【数论】最大公因数和最小公倍数（GCD和LCM）

最大公因数（GCD）

两个数的最大公因数很好做，使用内置的库函数即可，注意x和y的类型要相同。

ll gcd = __gcd (x, y);

如果要求多个数的最大公因数，那么初始化为0（因为根据定义，0和任何数x的gcd都是x，所以0是gcd操作的幺元），然后分别进行gcd即可。

ll gcd = 0;
for (int i = 1; i <= n; ++i) {
    gcd = __gcd (gcd, a[i]);
}

负数也可以用gcd，不过不推荐这样操作，让自己变得混淆。尽量对操作数都进行一次abs操作就好了。

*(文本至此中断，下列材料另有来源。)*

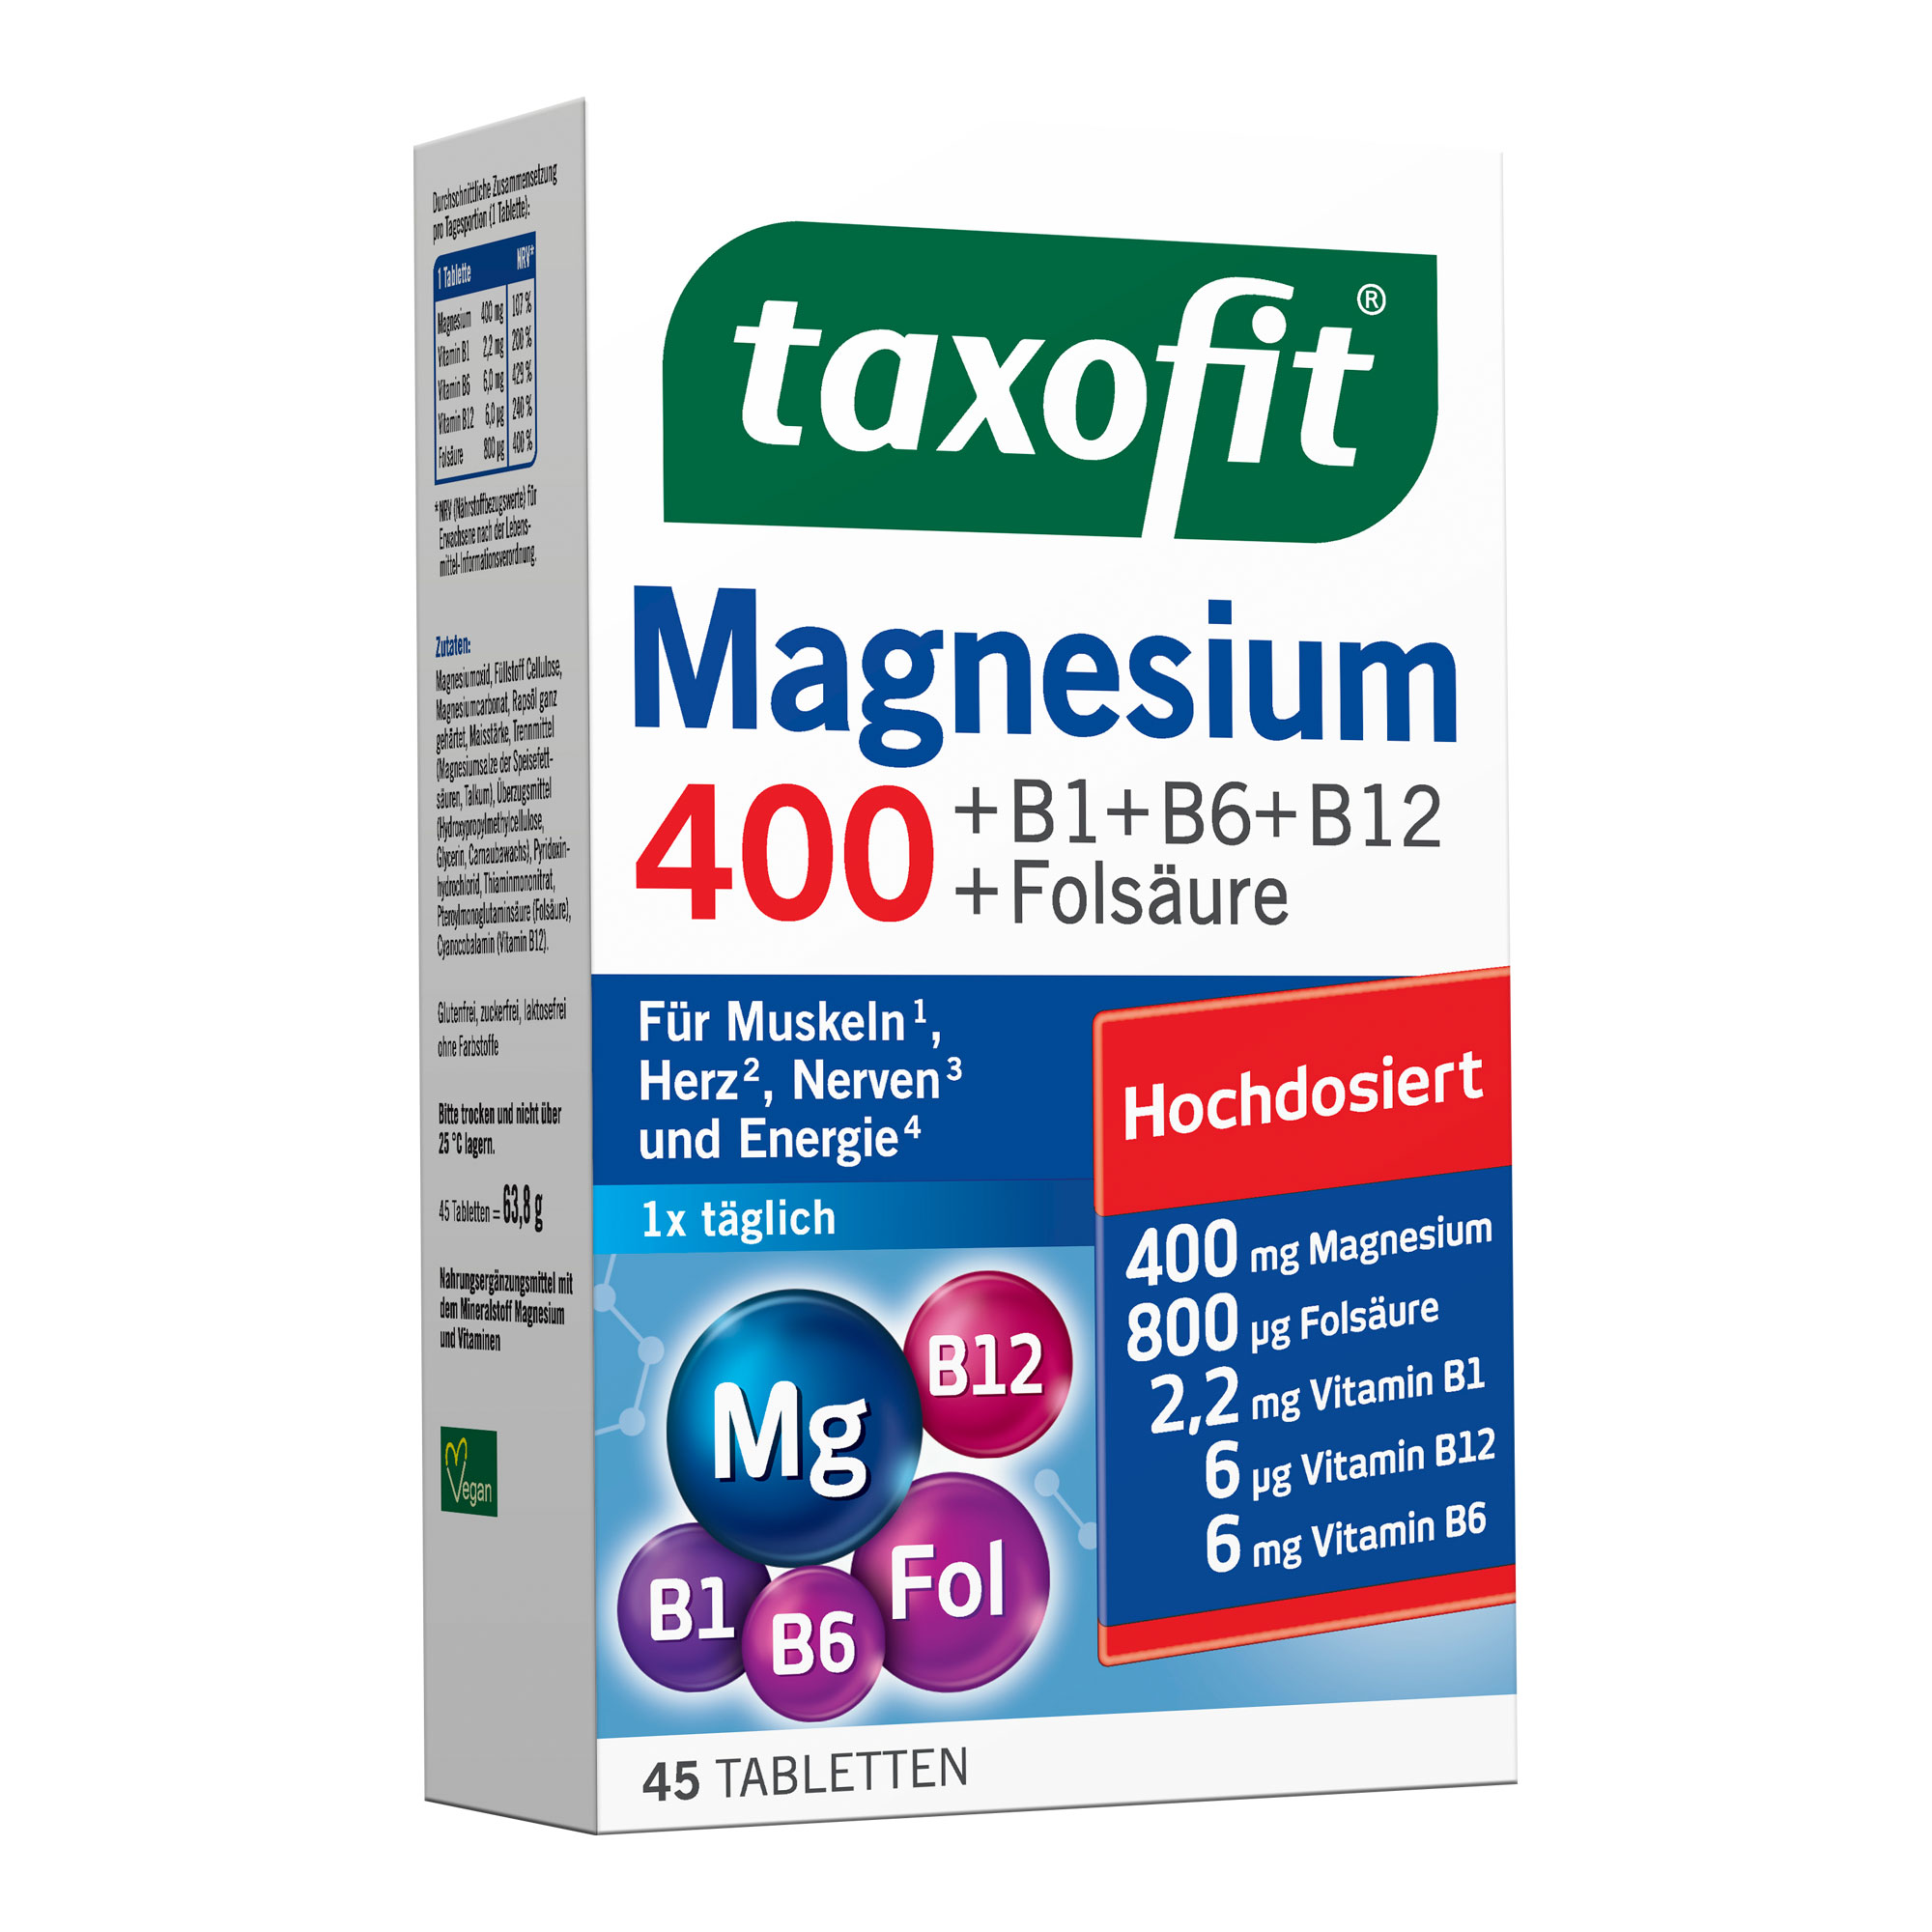 Nahrungsergänzungsmittel mit hochdosiertem Magnesium und Vitaminen.
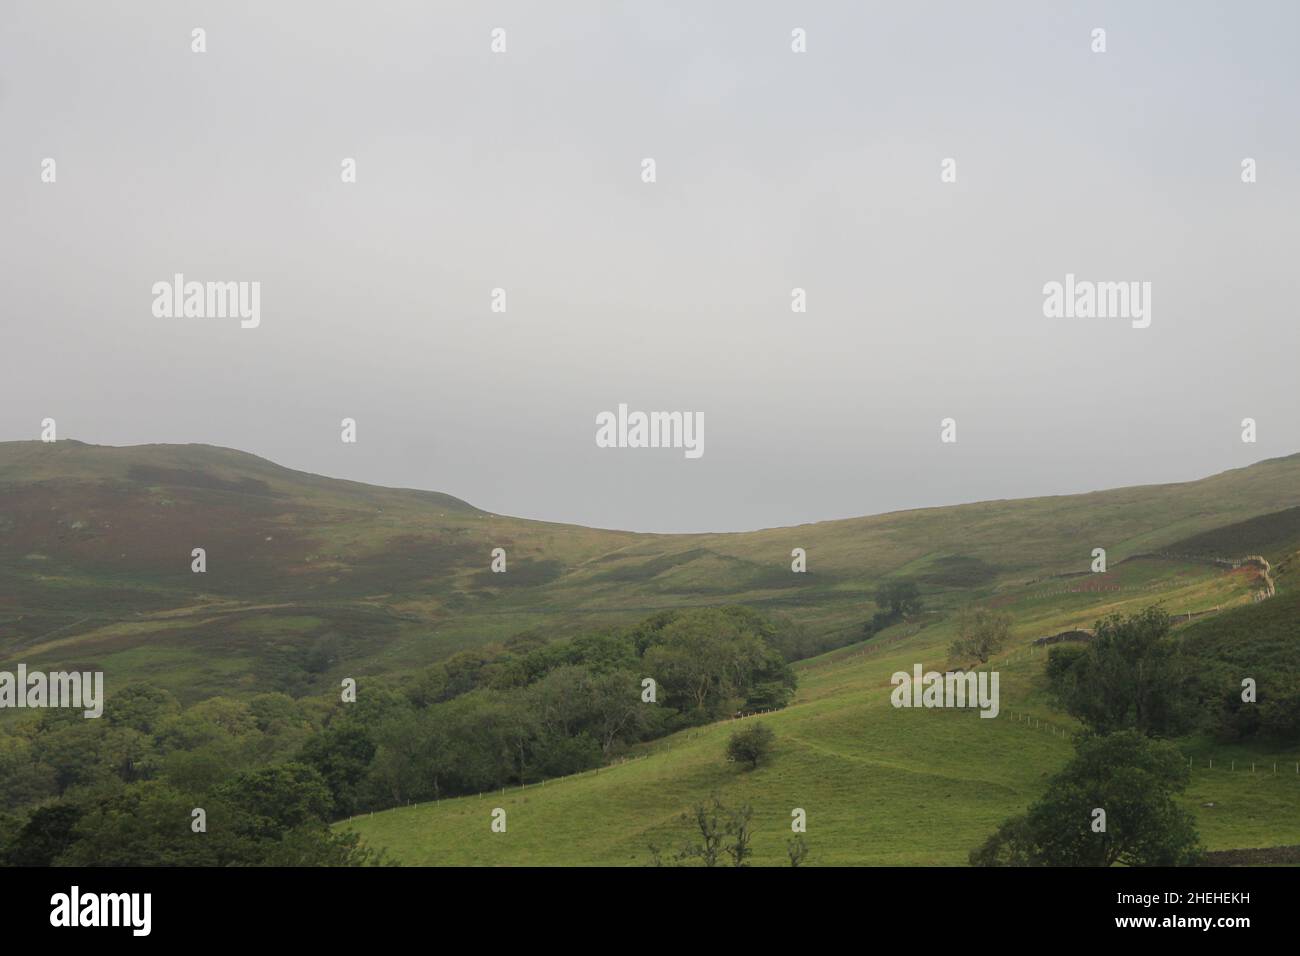 Nebel bedeckt die Gipfel der Hügel in Schottland. Reise- und Tourismuskonzept Stockfoto

每个数都有固定的质因数分解形式，也就是算术基本定理。

GCD的过程就是对每个数的对应质数的幂取最小值。

最小公倍数（LCM）

两个数的LCM可以用下列的方法直接算出来：

ll lcm = x / __gcd (x, y) * y;

其中先除后乘是尽可能避免溢出，尽量保持这个习惯。

多个数的lcm就稍微少见一些。

ll lcm = 1;
for (int i = 1; i <= n; ++i) {
    ll gcd = __gcd (lcm, a[i]);
    lcm = lcm / gcd * a[i];
}

每个数都有固定的质因数分解形式，也就是算术基本定理。

LCM的过程就是对每个数的对应质数的幂取最大值。

由算术基本定理，可以这样证明：
假设目前求出了所有元素的各个幂次的最大值，初始化自然为0，所以他们的乘积为1。1是lcm操作的幺元。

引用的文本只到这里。